I see a lot of people who call themselves "music photographers", but they don't shoot live shows. They shoot musicians in a studio, which is really just portraiture. It's important to be able to light someone well and I've done a lot of that in my time, but it doesn't call for a tremendous amount of creativity. Once you know the basic formula, you can just crank out shot after shot. In fact, just by using one flash pop from the left, it's easy to get a standard looking group shot.
But everyone does that. I want to do something different.
I don't think you can capture a band's look without shooting them live, while they're in the process of creating music- the very thing a band exists for. Playing music is trancendant activity, the true self can shine through all of the proper demeanors and little inhibitions we construct in order to be polite members of a society. During the act of making music, you can see how they move when they're too busy to keep up the emotional façade of appropriateness. Some people are nice and calm until they get on stage and you can see exactly who they are inside. This is when you should take their picture.
But a set is only about 45 minutes, so for the other 23+ hours of the day, they are just regular people who aren't on a stage. But that spirit is still what I'm trying to capture. All these locations are just right around the corner from the venue. I'm not just shooting them, but their environment, a quiet urban landscape.
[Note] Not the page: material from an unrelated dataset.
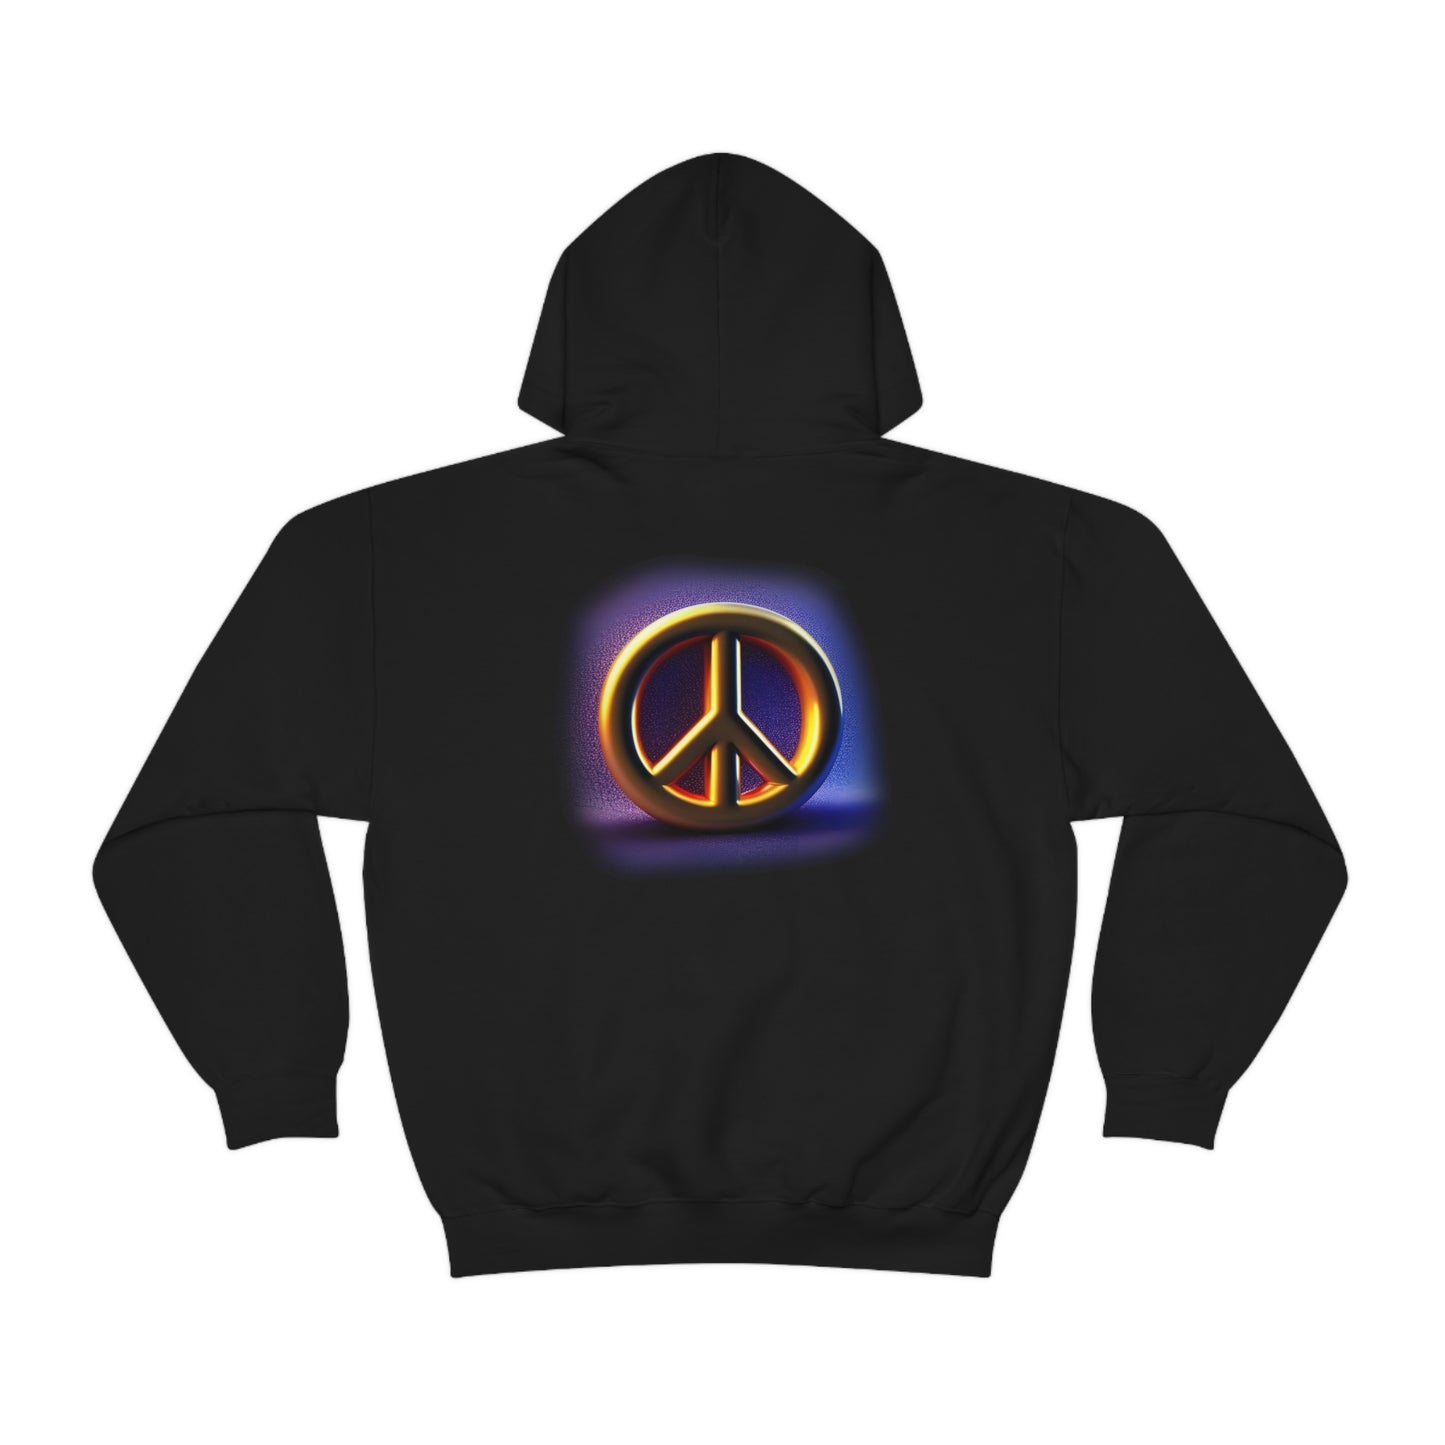 Peaceful Reflections: 3D Peace Sign Hooded Sweatshirt

I'll show them where to stand and move them around to cover up as many streetlamps in the background as possible. I don't really pose them, though. I want to see what they choose.
The long exposures smooth out time, so there's no cars on the street or people walking through the shots. In a group shot, long exposures also add in the same element of unpredictability that comes from shooting someone on stage. Someone moves a little too much and gets blurry, I might pop a flash from a slightly different spot- it all adds to the uniqueness of each image.
When you ask someone to pose for a photograph, they make a choice about what person they want to present to the world. Some people smile, some people freeze, and there's always one joker who makes goofy faces. But we make that choice to be the person who gets frozen in time.
Or melting a bit, if they can't stand still enough for 20 seconds at a time.
And that's what "You don't take a photograph, you make it" means to me.